§ **Exercise aim**: Would you copy, word for word, each line from the one with "How an amazon review turns into a lawsuit" to the end of the listing below, skipping all pictures?

§ **Dataset section**:

⟨

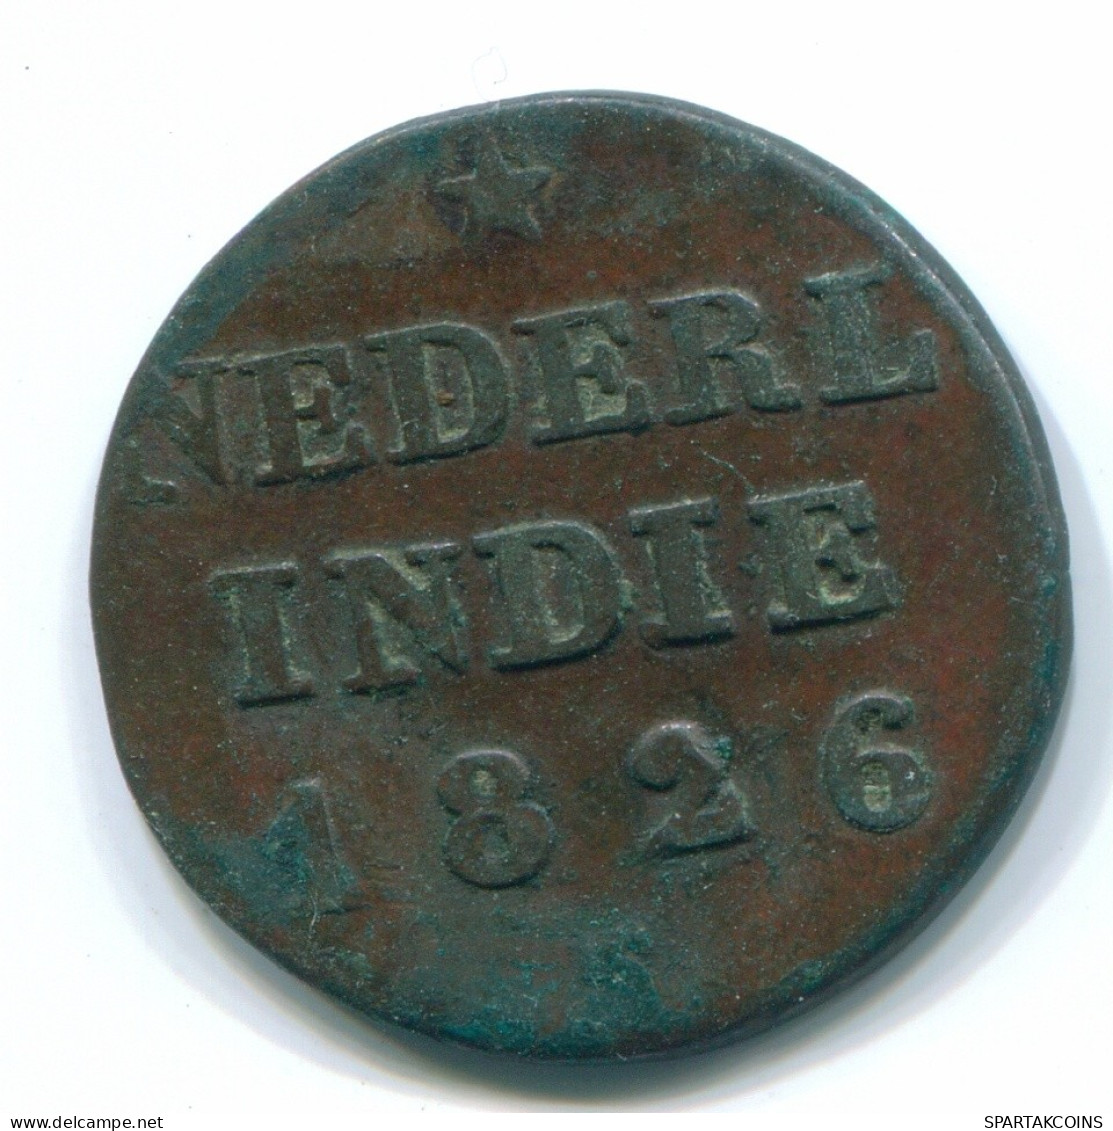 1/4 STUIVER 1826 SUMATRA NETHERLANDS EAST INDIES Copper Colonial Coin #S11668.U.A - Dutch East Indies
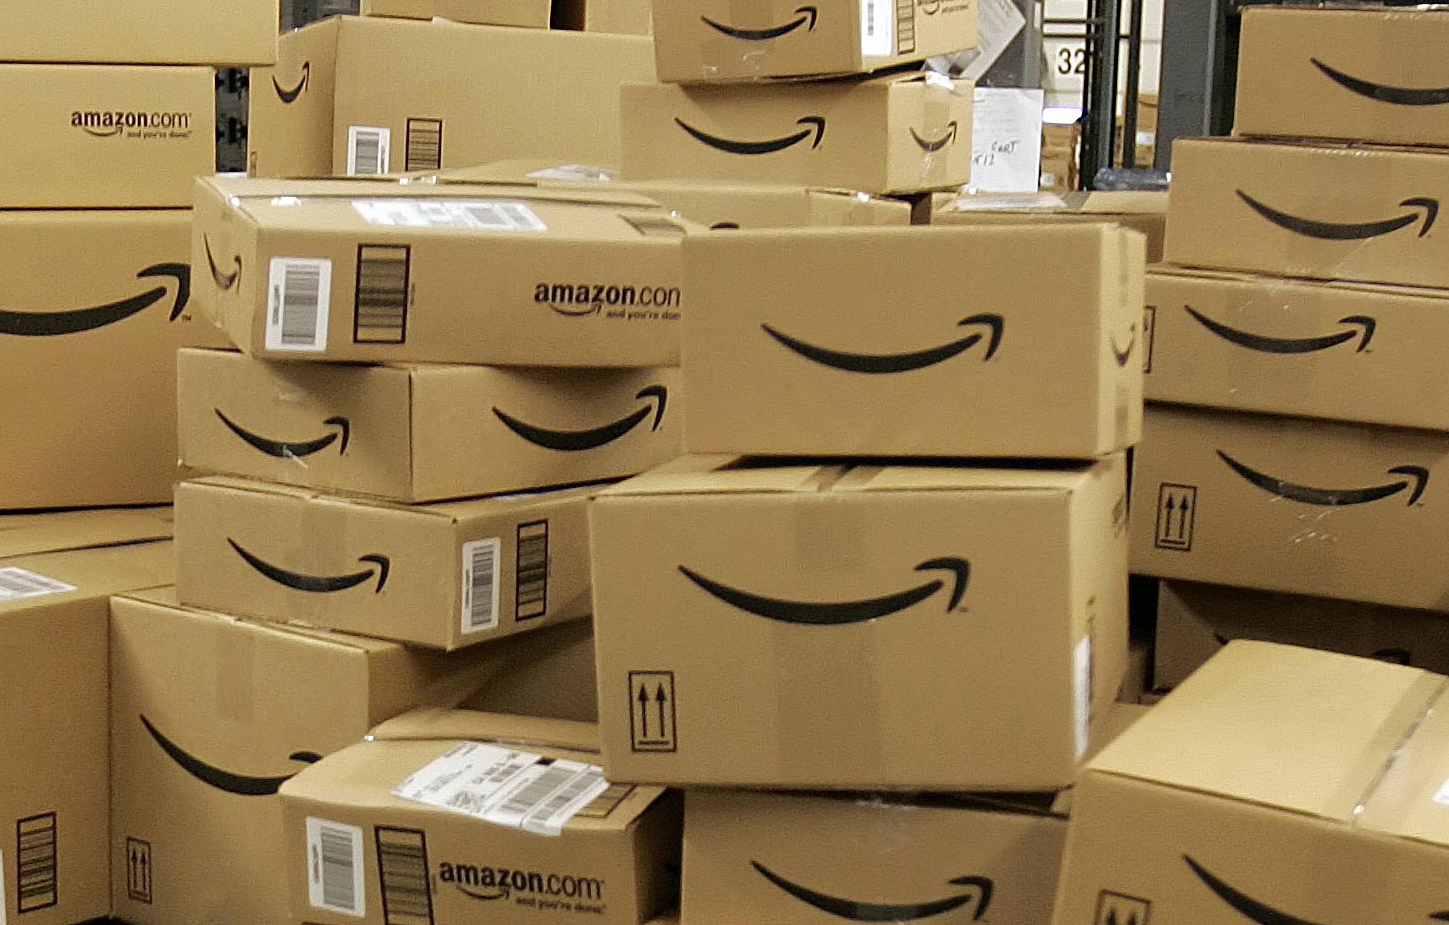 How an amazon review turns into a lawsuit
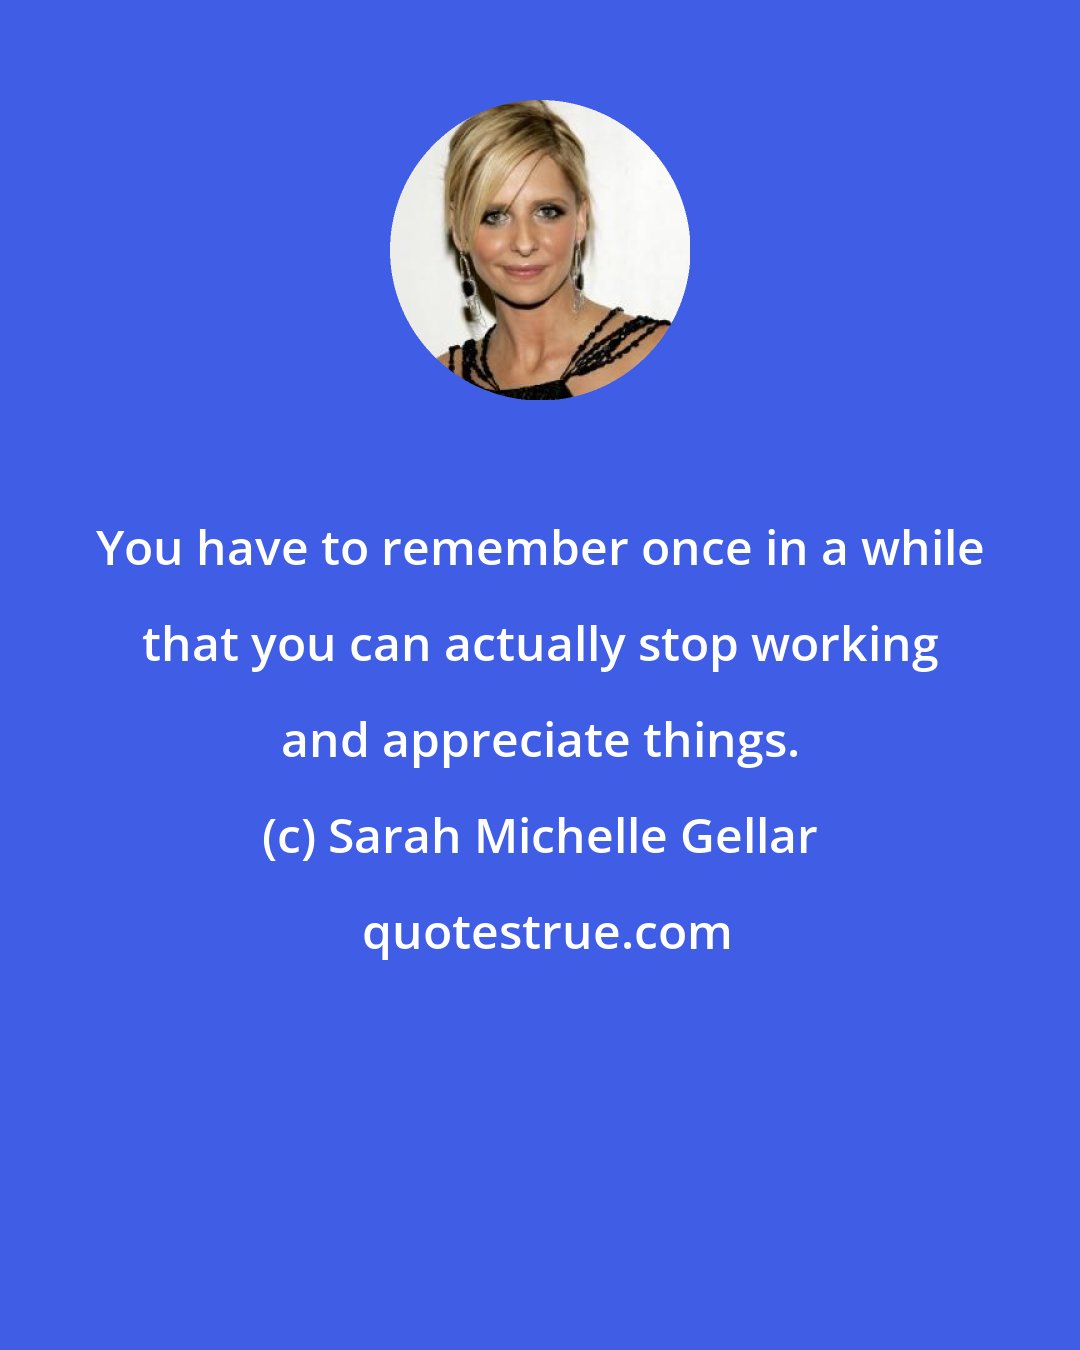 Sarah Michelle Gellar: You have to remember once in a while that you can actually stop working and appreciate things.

⟩

§ **Written response**:
 How an amazon review turns into a lawsuit
 Sarah Michelle Gellar: You have to remember once in a while that you can actually stop working and appreciate things.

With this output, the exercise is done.